“One of the saddest parts of a divorce is a question,” said Seal Beach family law attorney Glen Rabenn. “Who keeps family pets?” It is often a deeply emotional aspect of a divorce and it is difficult to reach a compromise because both parties love the animal. ”
That question faced “Mary Anne” and her husband, “Justin,” who worked together as architects in the eastern United States. Worked – in the past, because “COVID ruined our business and put so much pressure on our marriage that it collapsed,” both explained in a phone call.
“You have been called Anne Landers / Dear Abby from the legal world, and thought you could possibly help us resolve a difficult issue, custody of our beloved little Chihuahua,” said Mary Anne.
The couple’s conversation could not have come at a better time than the day before I discussed these very issues with both Rabenn and lawyer, Barbara J. Gislason of Fridley, Minnesota, who is recognized nationally and globally as a petting zoo.
She wrote a book on this subject for the American Bar Association’s Department of Family Law entitled Pet Law and Custody: Establishing a Worthy and Equitable Jurisprudence for the Evolving Family. She explores the cultural role of animals in our lives, asks important questions regarding our treatment of animals and discusses how the law should be applied in a way that is in the best interests of both humans and animals.

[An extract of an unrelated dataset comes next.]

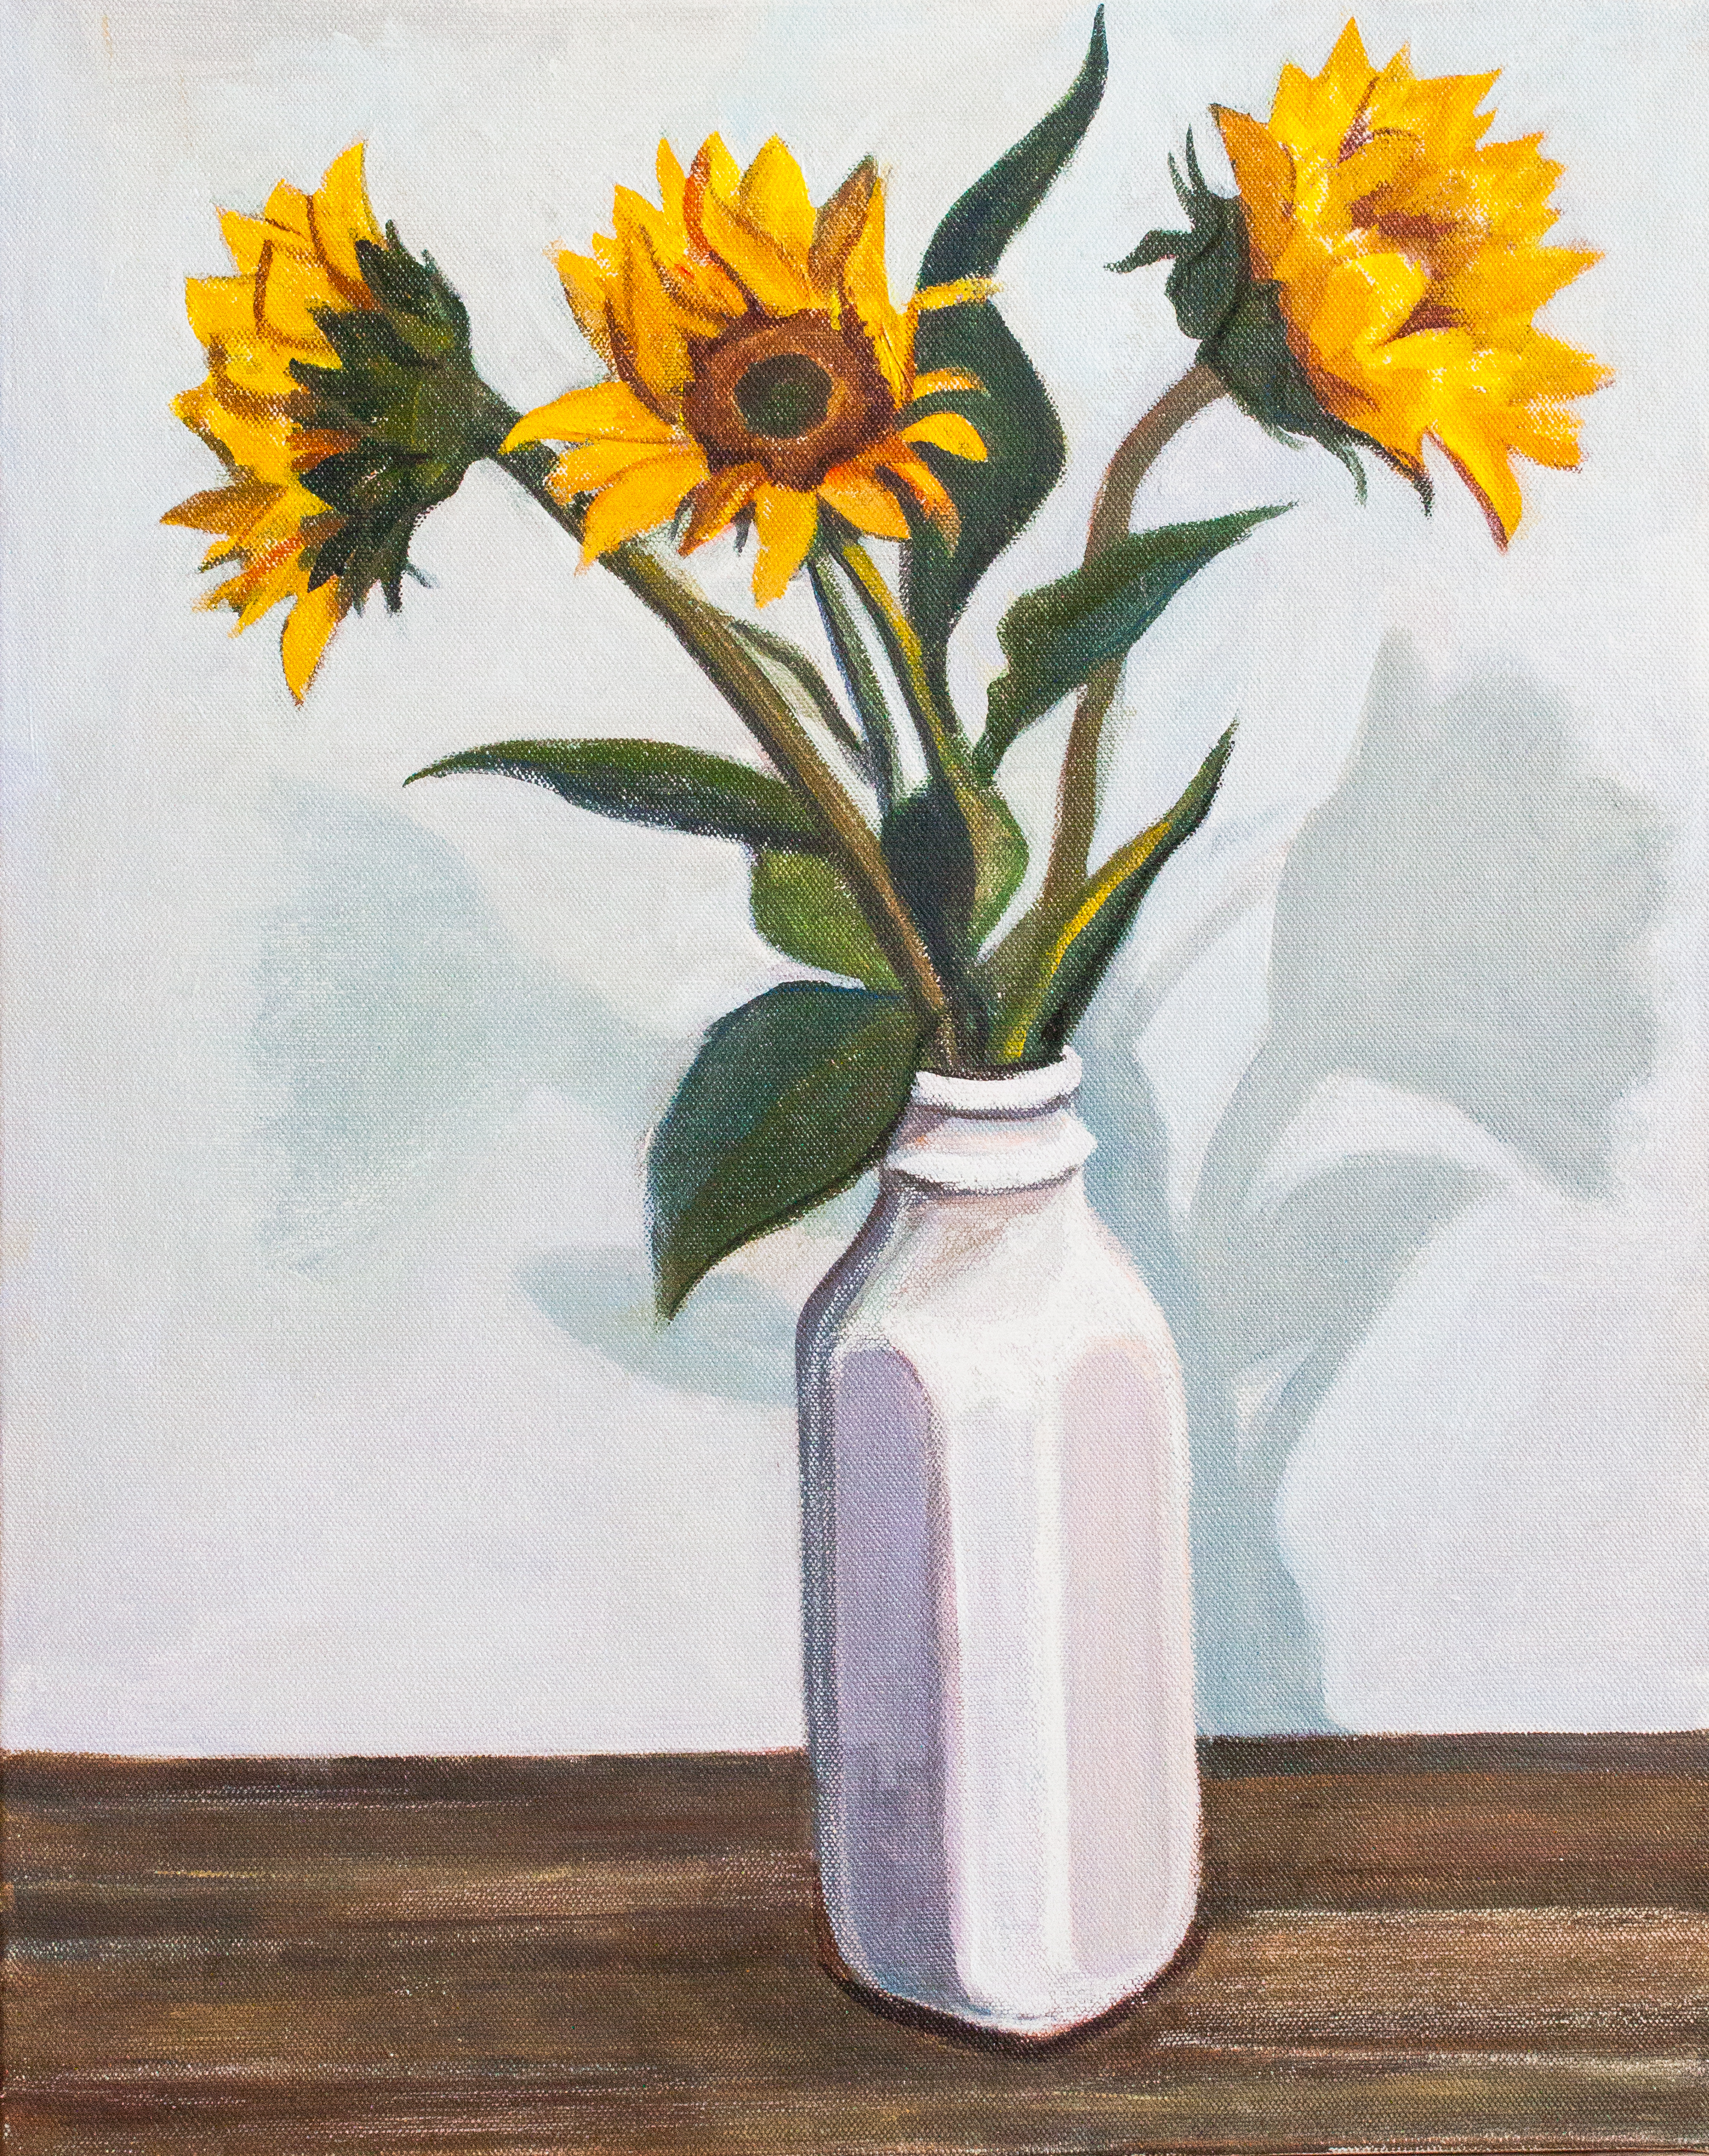 Three Sunflowers. Acrylic on Canvas. Allyson Kramer, 2015

Animals are usually seen as property
“Historically,” explains Gislason, “animals – pets – were considered property, just like the furniture in your home. In a divorce, the courts would look at who paid for the pet and its veterinary bills or registration fees and assigned it to that person, regardless of the degree of attachment that the spouse had to it.
“As everyone who has owned a dog or cat knows, we love these animals, and this has nothing to do with who bought or paid for food and its health care. So when courts split a couple of assets, very sad and unfair results often emerged. But then, several years ago, family court judges – and state legislatures – began to view the family’s pets as more than just objects. ”
The best of the pet?
I lived in the divorce court for 30 years and saw on my own how dealing with custody of the family’s pets can be more difficult than a dispute over custody of children. Thankfully, that is changing rapidly, as three states – Alaska, Illinois and California – allow family law judges to look after the custody of pets in a similar way as with children.
Judges in these states are now obliged to take into account the welfare of the animal and answer this question: What is best for the animal? Gislason states and adds: “It is always best for the parties to avoid a terrible, expensive fight in court and approach custody – and shared custody – with the best interests of the pet in mind.”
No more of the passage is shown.